Formula is from W. Brantley, Calculated elastic constants for stress problems associated with semiconductor devices. J. Appl. Phys., 44, 534 (1973).
- pyxtal.elasticity.rotate_cubic_elastic_constants(C11, C12, C44, A, tol=1e-06)[source]
Return rotated elastic moduli for a cubic crystal given the elastic constant in standard C11, C12, C44 notation.
- Parameters:
C11 (float) – Cubic elastic moduli.
C12 (float) – Cubic elastic moduli.
C44 (float) – Cubic elastic moduli.
A (array_like) – 3x3 rotation matrix.
- Returns:
C – 6x6 matrix of rotated elastic constants (Voigt notation).
- Return type:
array
- pyxtal.elasticity.rotate_elastic_constants(C, A, tol=1e-06)[source]

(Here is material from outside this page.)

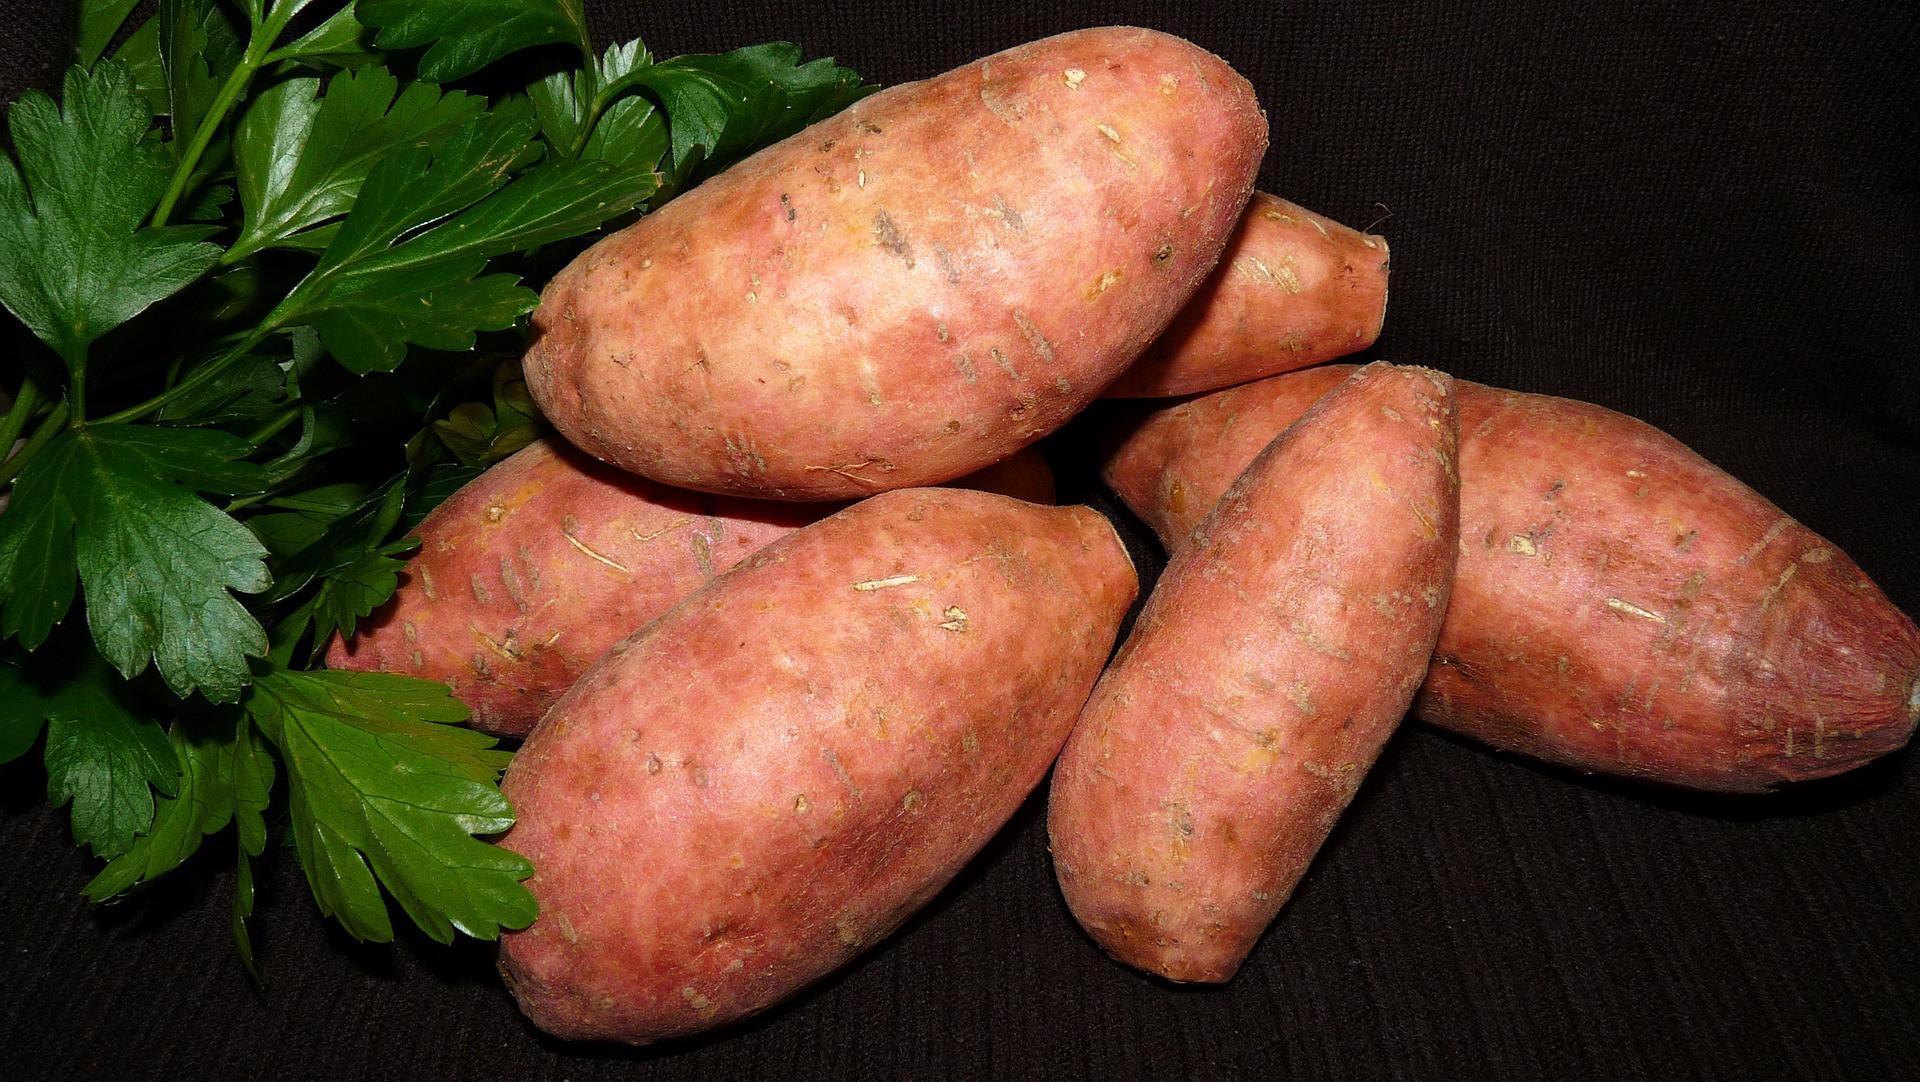 Shingled Sweet Potatoes

Return rotated elastic moduli for a general crystal given the elastic constant in Voigt notation.
- Parameters:
C (array_like) – 6x6 matrix of elastic constants (Voigt notation).
A (array_like) – 3x3 rotation matrix.
- Returns:
C – 6x6 matrix of rotated elastic constants (Voigt notation).
- Return type:
array
- pyxtal.elasticity.youngs_modulus(C, l)[source]
Calculate approximate Youngs modulus E_l from 6x6 elastic constants matrix C_ij
This is the modulus for loading in the l direction. For the exact answer, taking into account elastic anisotropuy, rotate the C_ij matrix to the correct frame, compute the compliance matrix:
C = ... # 6x6 C_ij matrix in crystal frame A = ... # rotation matrix Cr = rotate_elastic_constants(C, A) S = np.inv(Cr) E_x = 1/S[0, 0] # Young's modulus for a pull in x direction E_y = 1/S[1, 1] # Young's modulus for a pull in y direction E_z = 1/S[0, 0] # Young's modulus for a pull in z direction
Notes
Formula is from W. Brantley, Calculated elastic constants for stress problems associated with semiconductor devices. J. Appl. Phys., 44, 534 (1973).